My Hebrew-school kindergarten class spent weeks learning to sing the Ma nishtanah–the Four Questions–for the Passover seder. We sounded out the Hebrew lyrics phonetically in piping little voices, memorizing them with un-childlike desperation. Our teachers didn’t bother explaining the meaning of the words, they just prepared us to stand up in front of our families and sing the only solo of the seder night. The foreign chunks of sound gave up no hint of their meaning. I made up associations for each section to help me remember—I knew what a mnemonic was before I knew the word.
Ma nish tah nah ha lilah hazeh, mi kol halelot?
The youngest child at the seder sings the questions. They call out: Why is this night different from the others? On all other nights we eat all kinds of bread. On all other nights we eat all types of vegetables. On all other nights we don’t dip our food. On all other nights we sit at the table.
It’s a plaintive song: it’s a single small cry for an explanation.
Sheb’khol haleilot anu okhlin sh’ar y’rakot; halailah hazeh, maror.

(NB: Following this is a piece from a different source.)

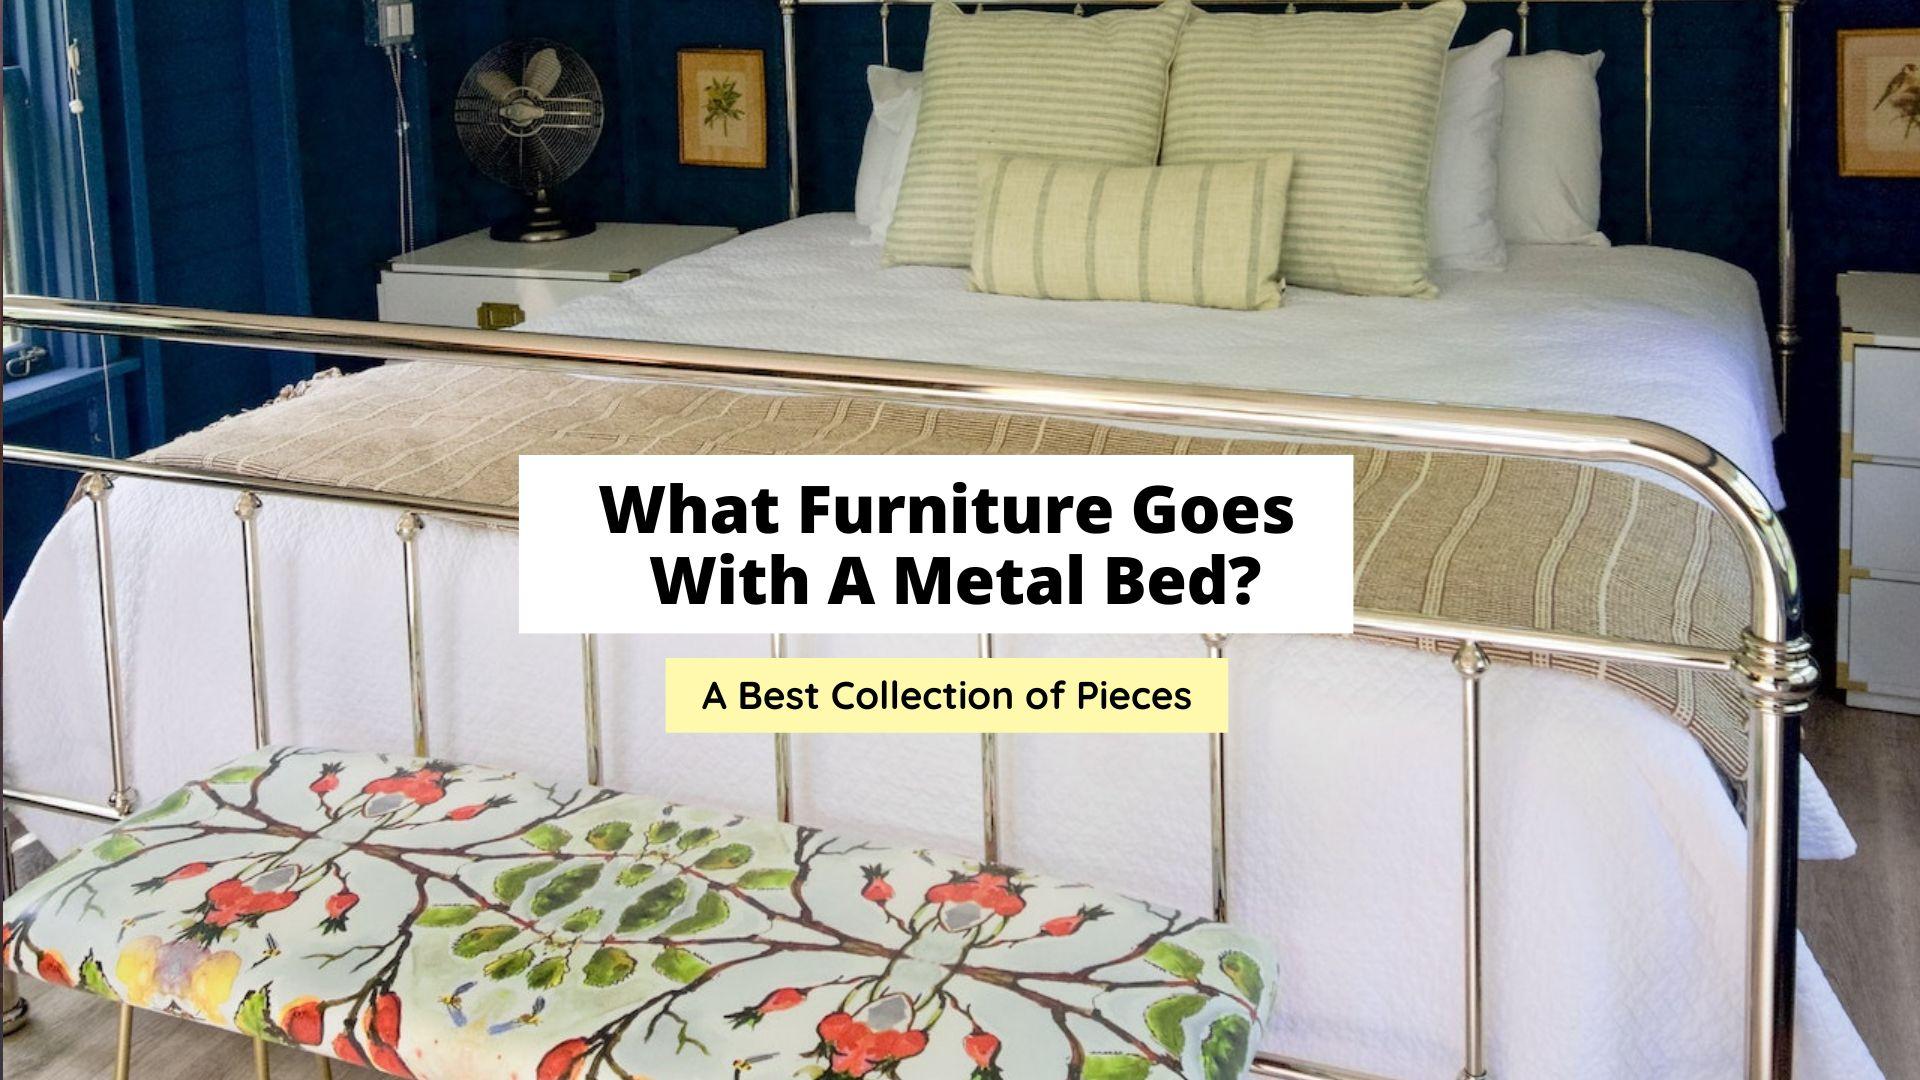 What Furniture Goes With A Metal Bed

My voice always trembled when I sang it. I stood on a chair at the table in a black velvet dress with lace at the throat. I rushed the repetitions, losing the rhythm, trying to make it to the end of the song before the meaningless sounds started to jumble in my head.
Sheb’khol haleilot ein anu matbilin afilu pa’am ehat; halailah hazeh, shtei f’amim.
My family sang the answers back to me at the end of each line, swallowing my voice, letting me take a shaky breath.
On this night we eat only matzah. On this night we eat only bitter herbs. On this night we dip our food twice. On this night we recline at the table.
(These aren’t really answers. They’re descriptions—yes, we’re eating matzah, but why? The explanations come later in the seder, in the form symbolic foods and Talmudic arguing. We eat bitter herbs to represent the bitterness of our slavery in Egypt. We dip into salt water to represent our tears. But who wants to sing that back to a child?)
Sheb’khol haleilot anu okhlin bein yoshvin uvein m’subin; halailah hazeh, kulanu m’subin.
When I was small, the sound of my family’s singing washed over me. Ten or twenty voices, some tinged with Yiddish lilt, some drawling from Long Island, Queens, New Jersey. Voices tinny and husky, teenager-broken, speak-singing, or smoker-strangled; most of us off-key and happily flat, except for my grandmother, who flew high above in a pale, fluttering trill.
Each year I asked, and each year was answered with not-quite-answers.
At the beginning of the seder, the leader blesses a piece of matzah and lays it aside. This becomes the afikomen—’dessert’—and is eaten later. The seder can’t be finished without it. Which is why someone’s got to steal it, hide it, and ransom it. In my family, the children do the filching and the adults go looking. If they can’t find it, they buy it back with money or gifts to end the seder.
(My current hiding spot involves a plastic bag, some tape, and submersion. More, I can’t say.)
When my Zayde was head of the seder, he only ever pretended to look. He mimed a swipe at the couch cushions. Toed the curtains. Opened the freezer. My cousins and sister and I tailed after him, snickering, shushing each other, trying not to give it away. Soon, he’d give up, and get down to haggling. The invisible mantle of his forefathers—kosher butchers from small-town Poland—descended upon him, and the wiry brows would lower in mock sternness.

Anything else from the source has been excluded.